Enter the circuit to evaluate in the Function edit field. If the function is a quantum factorisation function (and it agrees with the implementation described in XXXX) then select the input type 'For quantum factorisation'. Otherwise leave the selection on 'From Haskell Input'.

Next, select the type of output format that you require. If you select 'Probabilities' the simulation will output the real probabilities of circuit upon completion of the simulation. Selecting Amplitudes results in complex amplitudes being output. Use 'Histogram of values' if you want to perform a histogram over the output. This is usually the what you would select if your circuit was made of more than one quantum register and you wanted to output the results of one only register (for instance in quantum factorisation).

Then select the bits that you would like to be output. If you have selected a type of Probabilities or Amplitude then the rest of the output bits are assumed to be zero. For instance, choosing bits 2 to 3 will result in the amplitudes or probabilities of the values 4 to 7 being output. If the type of output is a histogram then you will get a histogram of the probabilities of observing all of the different combinations of the bits that you select. For instance, choosing bits 2 to 3 will output a table containing the probability of observing 00, 01, 10 and 11 on bits 2 and 3.

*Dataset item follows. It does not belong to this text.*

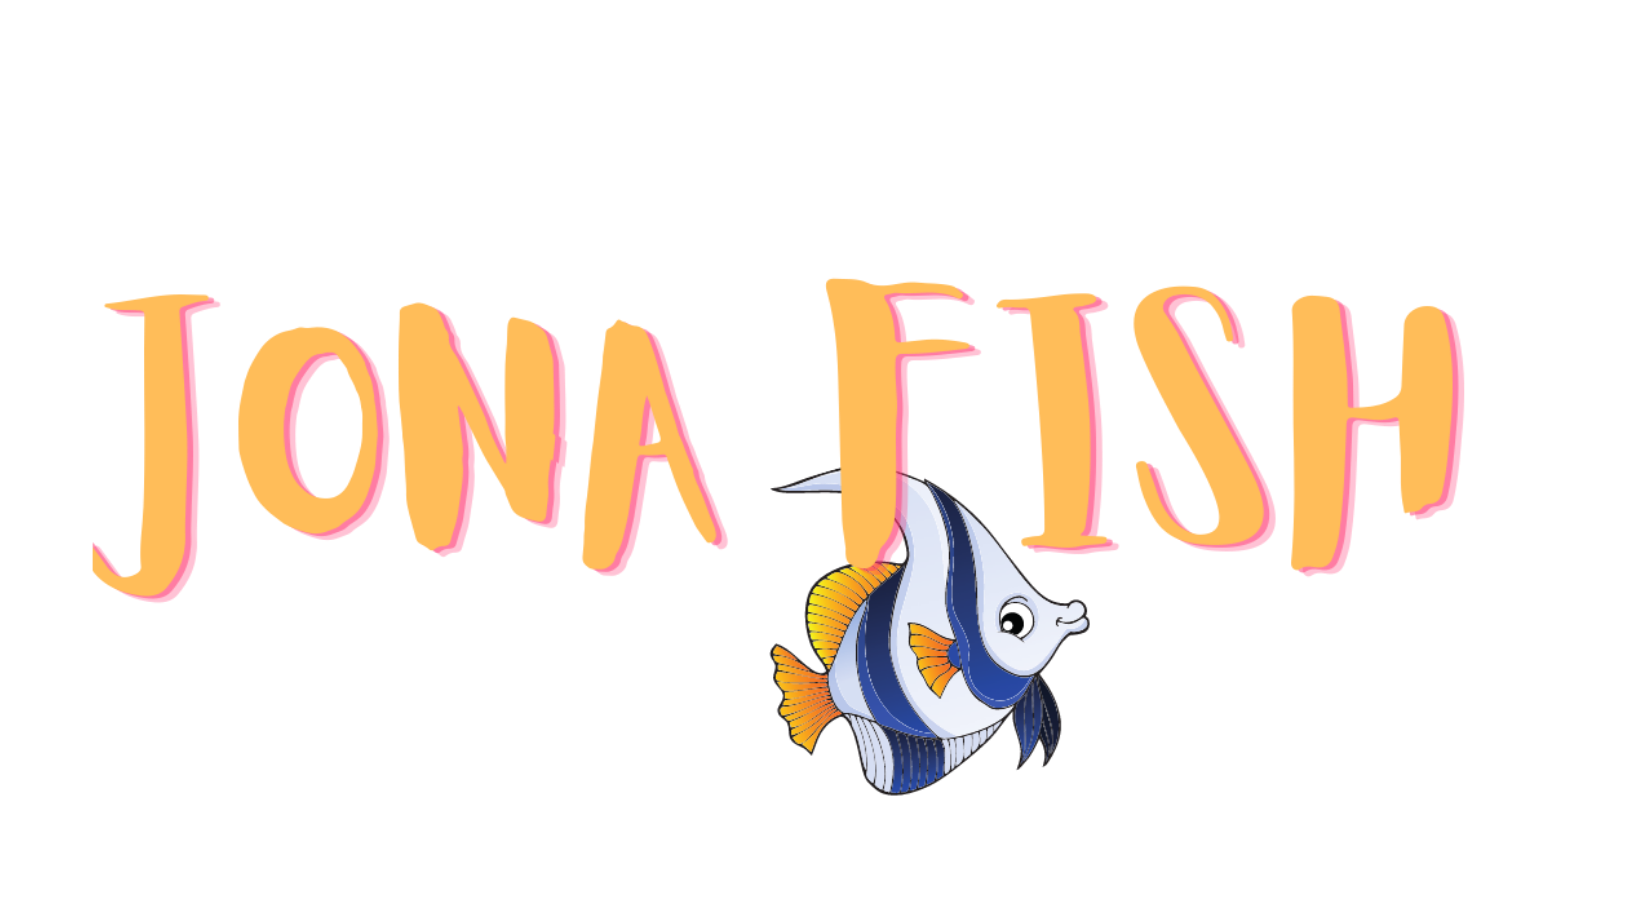  JonaFish

The Format section allows you to select between outputting values in binary or decimal. 'Selecting Output To File' will cause the output of the simulator to be dumped to a file. Leaving this field unselected results in the output being placed in the simulator window.

Select OK to start the simulation. If you have selected the 'quantum factorisation' option then you will then be presented with a dialog box (shown in Figure 36) where you can enter the number to factorise. The number to factorise will be constrained by the size of the circuit in accordance with Shor's algorithm.

_{Figure 36}

SIMULATION PROGRESS

During the simulation a progress dialog box will appear. An example is shown in Figure 37. You can terminate the simulation at any time by pressing the Cancel button at the bottom of the box.

_{Figure 37}

The top section of the dialog box shows information on the simulation being executed and the algorithm being used to simulate the circuit. A progress meter occupies the middle section. At the lower end of the dialog box is a graphical display of the current state of the simulation. The graphical display is turned off by default as can halve the execution speed of the simulation. The 'Show graphical progress' check-box allows you to toggle the graphics on or off. The '2/3 histogram option' shows a histogram of the first 2/3 of the circuit and allows a graphical representation of the output from a quantum factorisation. The dialog box can be resized in order to expand the view of the graph.

Each column of pixels in the graphical display is mapped to one or more states in the simulation. Each column is divided in to three areas. The top of the blue area represents the minimum probability obtained across the states that the column represents. The top of the green area represents the average probability of the states and the top of the red area represents the maximum probability.

The example shows a quantum factorisation that is nearly completed. Here you can see the destructive and constructive interference processes at work. Most of the states have no real probability of existing due to destructive interference. The few remaining viable states have been the result of many iterations of constructive interference. The following mural shows the graphs generated by an attempted factorisation.

The grey bar at the bottom of the screen shows how many of the probabilities in the state are greater than 0.0001. It shows content of the information in the system and the maximum gains that could be possible using an idealised sparse vector.